Firstly, the `count()`

metric is showing
a variation, reflecting the fact that the resampled
data are certain to have different proportions of labels
`a`

and `b`

.
Also, the sum of the `count`

column no longer
has to be an integer, or equal to the total number of samples.
For the median the sum is as expected, but the individual counts
are no longer integers; this is expected, since we requested
an even number of bootstrap samples.
When we inspect the `sel`

column, we see that the
estimates of the median, while *close* to the nominal
values (from `MetricFrame.by_group`

above), are not
equal to them.
In all cases, though, the numbers reported are intuitively reasonable.

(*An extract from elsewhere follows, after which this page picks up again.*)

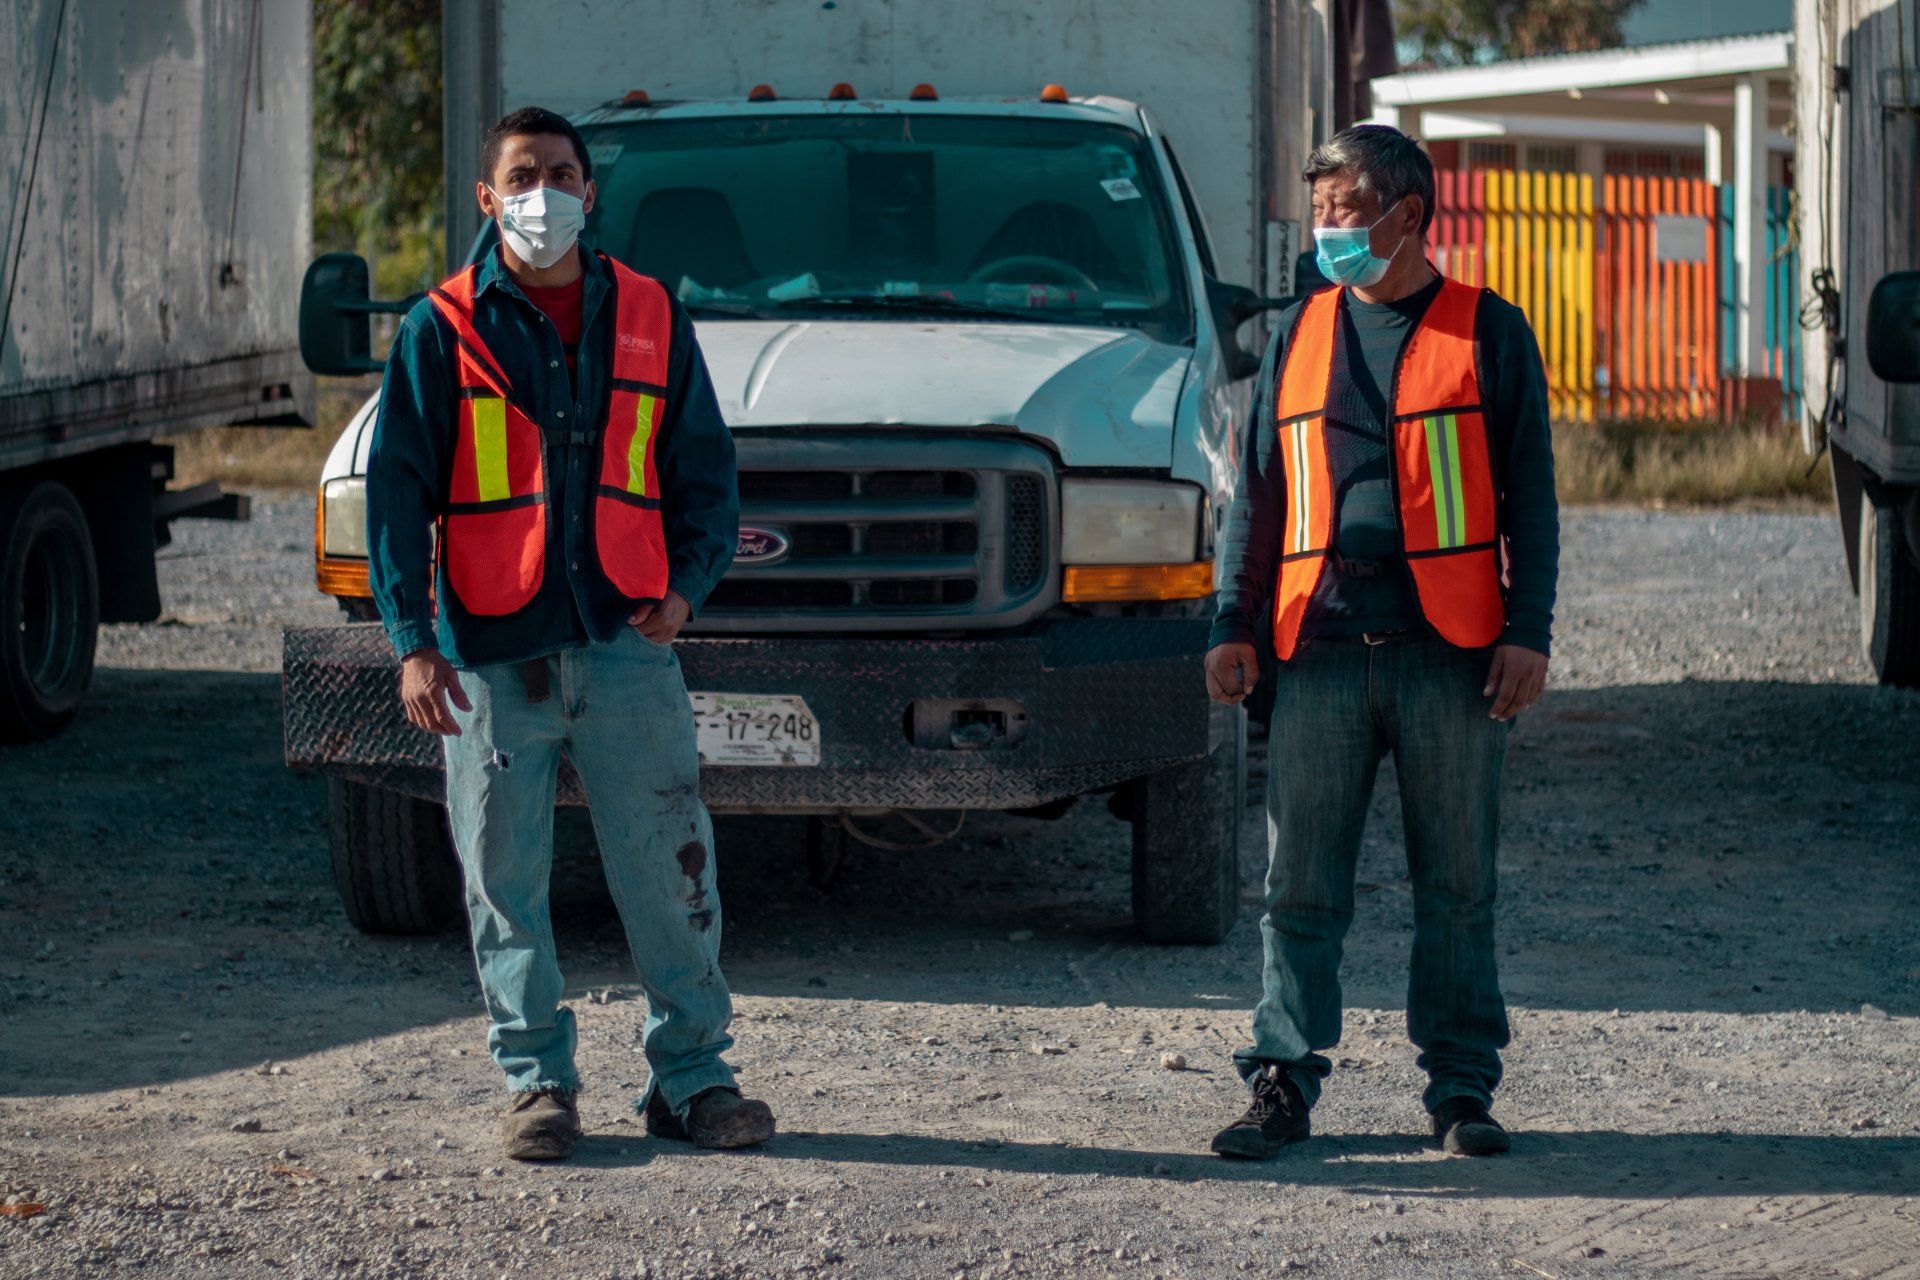 Trabajadores en la recolección de basura enfrente de camión

We provide methods such as `MetricFrame.group_min_ci()`

,
which are similar to their non-bootstrapped counterparts.
However, they have no `errors`

parameter.
This parameter controls what happens when a metric returns
a result for which *less-than* is not well defined (e.g a confusion
matrix).
A bootstrapped `MetricFrame`

will not even get this
far, since the lack of a *less-than* operator will cause
the `numpy.quantile()`

call to fail.

## Summary#

Bootstrapping is a powerful and simple technique, but its limitations must be borne in mind:

Bootstrapping

**assumes the data sample is representative of the population****Overlapping confidence intervals do not imply statistical equality**. This is very important in a fairness analysis where we are usually hoping for equalityIncreasing the number of bootstrap samples will make the results more precise, but not necessarily more accurate. The accuracy of the results depends on the degree to which the supplied data are representative of the population

As a Monte-Carlo technique, it can only be as good as the underlying random number generator

The first of these limitations is likely to give the most trouble in practice.